Una mañana cuando había estado durante un tiempo en la escuela, la maestra dijo: "Hoy vamos a hacer un dibujo".

- !Qué bien!- pensó el niño, le gustaba hacer dibujos, podía hacerlos de todas clases: leones, tigres, pollos, vacas, trenes y barcos; sacó su caja de crayolas y empezó a dibujar.

Pero la maestra dijo: "!Esperen!, aún no es tiempo de empezar". Y esperó a que todos estuvieran listos, ahora, dijo la maestra: "vamos a dibujar flores".

!Qué bien!, pensó el niño, le gustaba hacer flores y empezó a hacer flores muy bellas con sus crayolas rojas, naranjas y azules.

Pero la maestra dijo: "!Yo les enseñaré cómo, esperen, serán rojas y con el tallo verde. Ahora -dijo la maestra-, "pueden empezar".

El niño miró la flor que había hecho la maestra, y luego -vio la que él había pintado, le gustaba más la suya, mas no lo dijo; solo volteó la hoja e hizo una flor como la de la maestra, era roja con el tallo verde.

Otro día la maestra dijo: "Hoy vamos a hacer trabajos con plastilina".

!Qué bien!, pensó el pequeño, le gustaba la plastilina, podía hacer toda clase de cosas con ella, viboras, hombres de nieve, ratones, carros, camiones y empezó a estirar y a revolver su bola de plastilina, pero la maestra dijo: "!Esperen, aún no es tiempo de empezar!", y esperó a que todos estuvieran listos. Ahora, dijo la maestra: "!vamos a empezar!", y esperó a que todos estuvieran listos. Ahora, dijo la maestra, "vamos a hacer un plato".
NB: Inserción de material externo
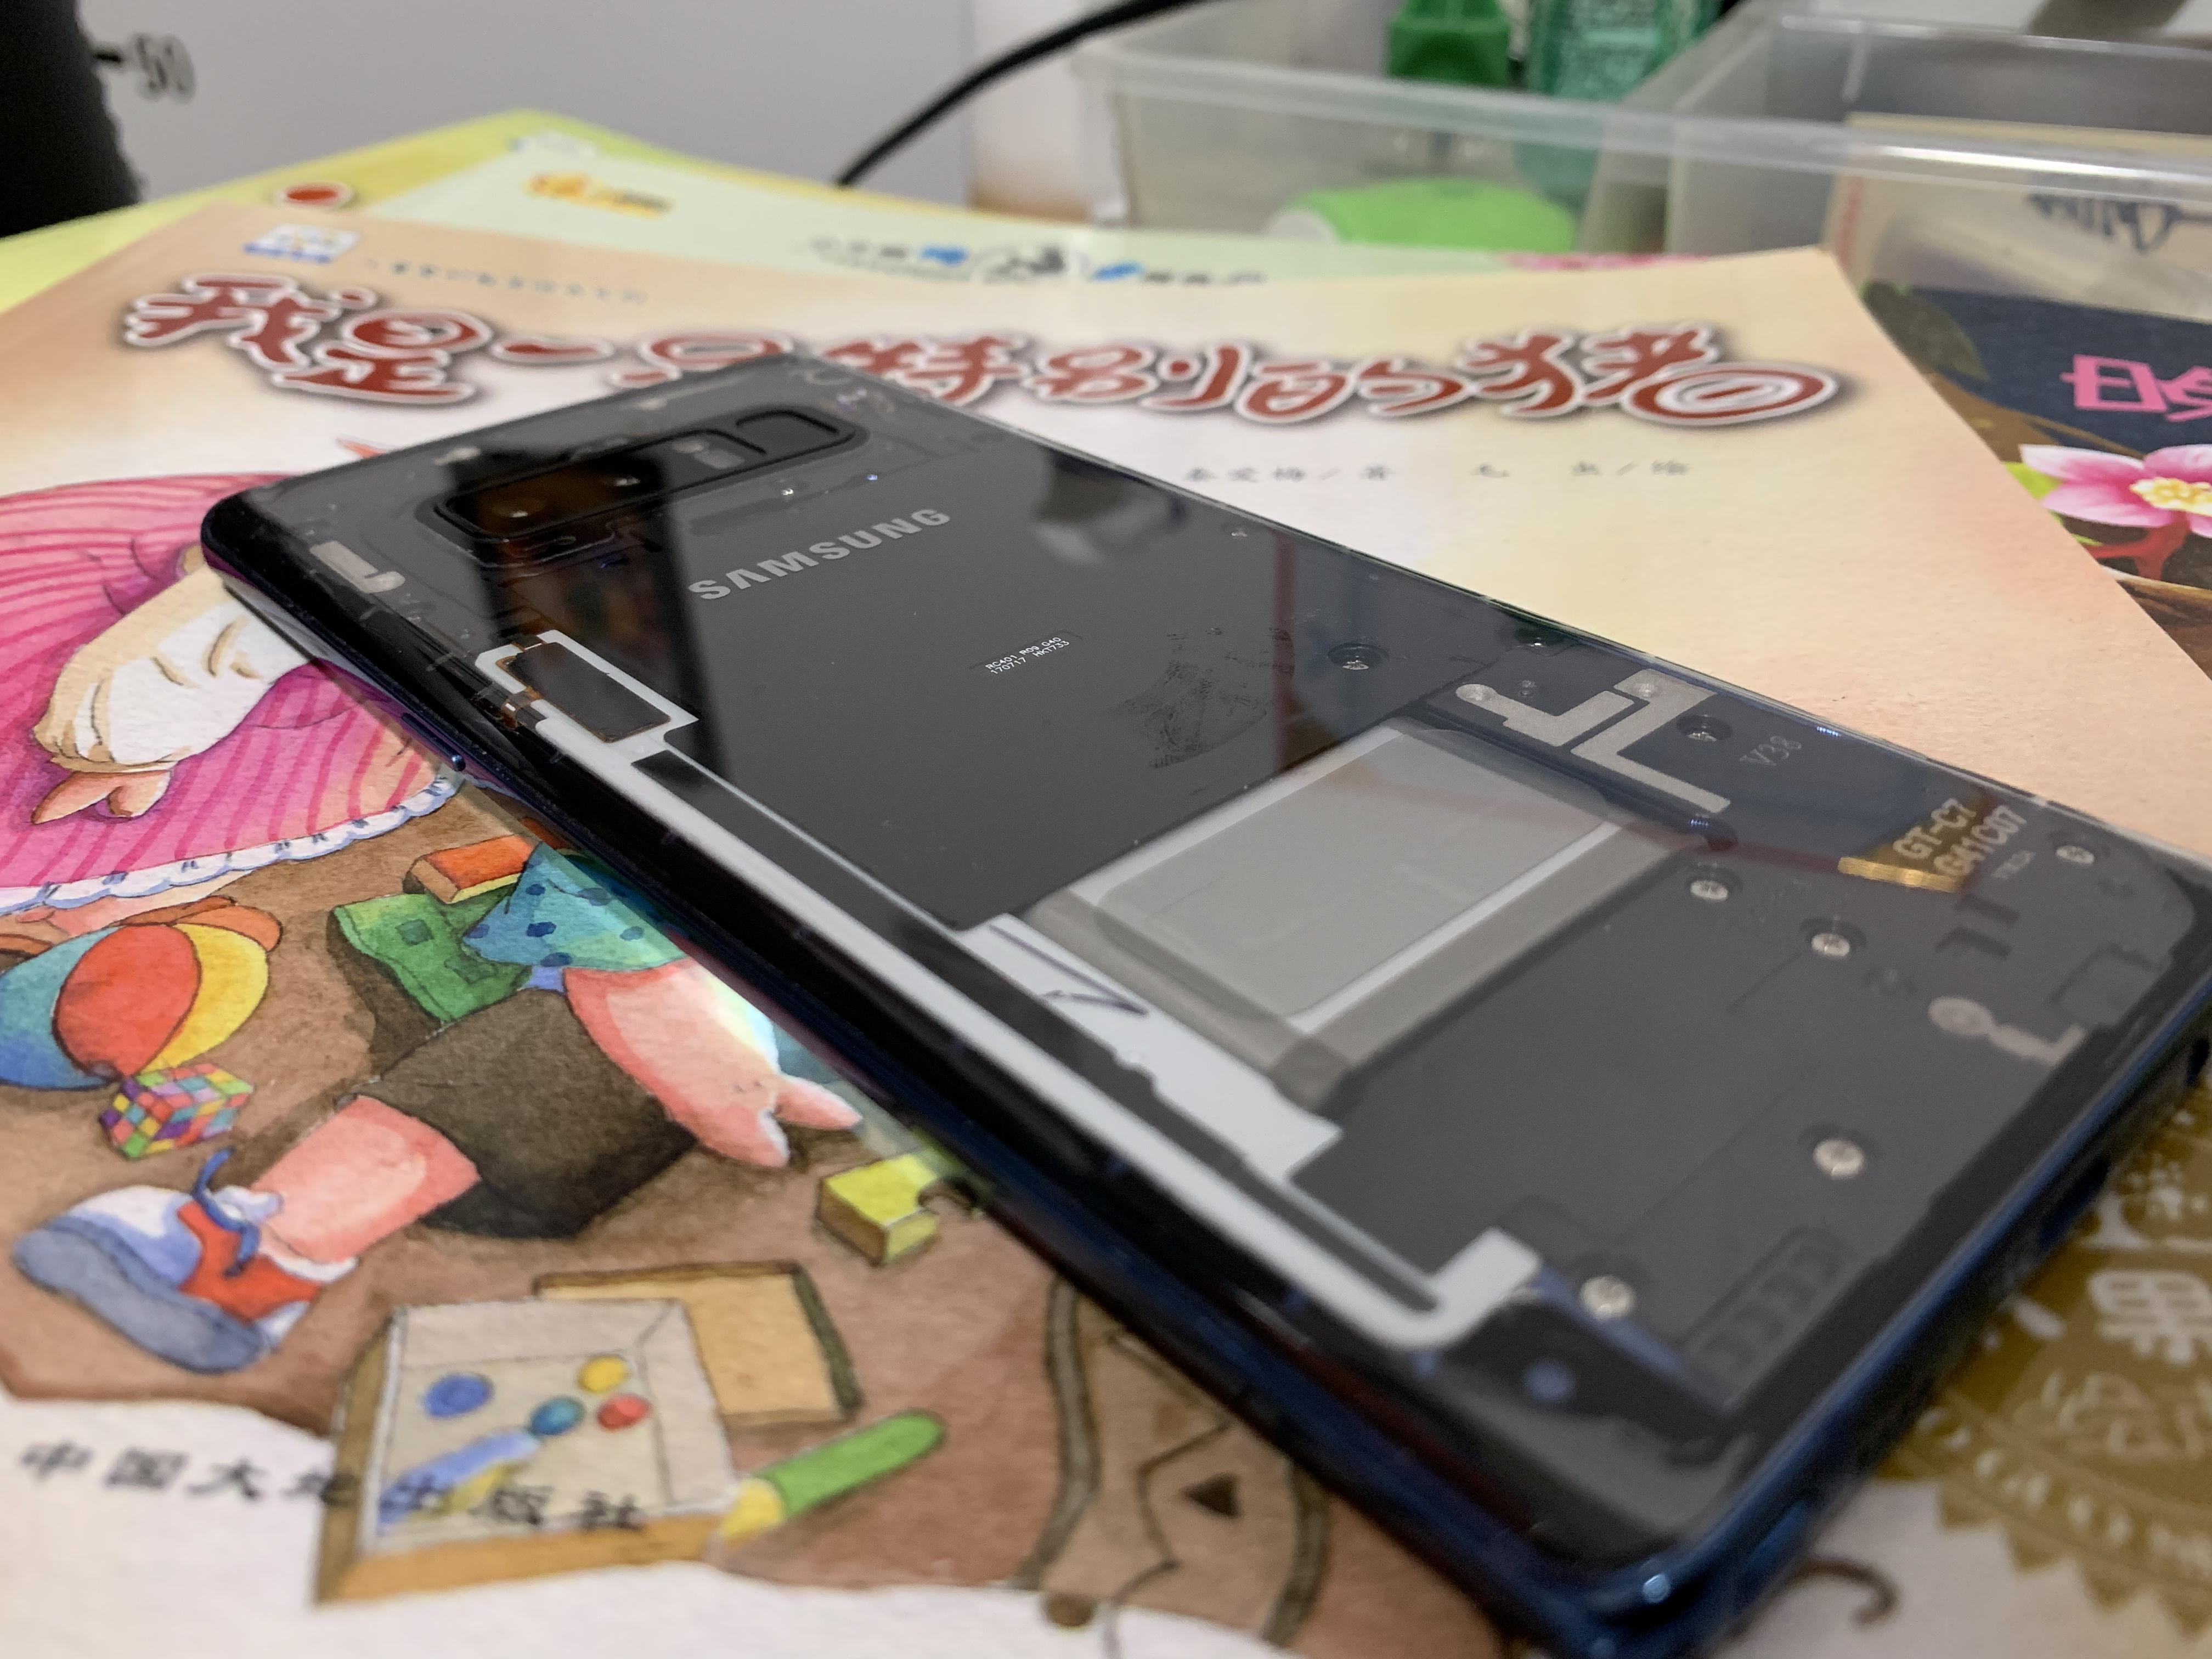 三星手机电池充电次数清零Samsung note8换电池重置battery cycle

!Qué bien!, pensó el pequeño, le gustaba hacer platos y comenzó a hacerlos de todas las formas y tamaños. Entonces la maestra dijo: "Esperen, yo les enseñaré cómo! y les mostró cómo hacer un solo plato hondo. "Ahora ya pueden empezar". El pequeño miró el plato que había hecho la maestra, luego vio el que había formado; le gustaban más los suyos, pero no lo dijo. Sólo volvió otra vez la plastilina e hizo un plato como el de la maestra, era un plato hondo.

Muy pronto el pequeño aprendió a esperar, a ver y hacer cosas iguales a las de la maestra, y no hacía más de él solo. Luego sucedió que el niño y su familia se mudaron a otra casa en otra ciudad, y el pequeño tuvo que ir a otra escuela; esta escuela era más grande que la otra y no había puerta exterior a su salón, y el primer día tuvo que ir ahí.

La maestra dijo: "Hoy vamos a hacer un dibujo".

"Muy bien"- pensó el pequeño y esperó a que la maestra dijera algo al respecto, pero la maestra no dijo nada, sólo caminaba por el salón.

Cuando llegó cerca a él, le dijo: "¿No quieres hacer un dibujo?".

"", contestó el pequeño, y preguntó: -"¿Qué vamos a hacer?".

"No sé, hasta que lo hagas" -dijo la maestra.

"¿Cualquier color?- repreguntó el pequeño.

"Cualquier color", dijo la maestra- "si todos hicieran el mismo dibujo y usaran los mismos colores, cómo sabría yo quien hizo qué y cuál es cual".

"No sé" - contestó el niño, y empezó a hacer una flor roja con el tallo verde.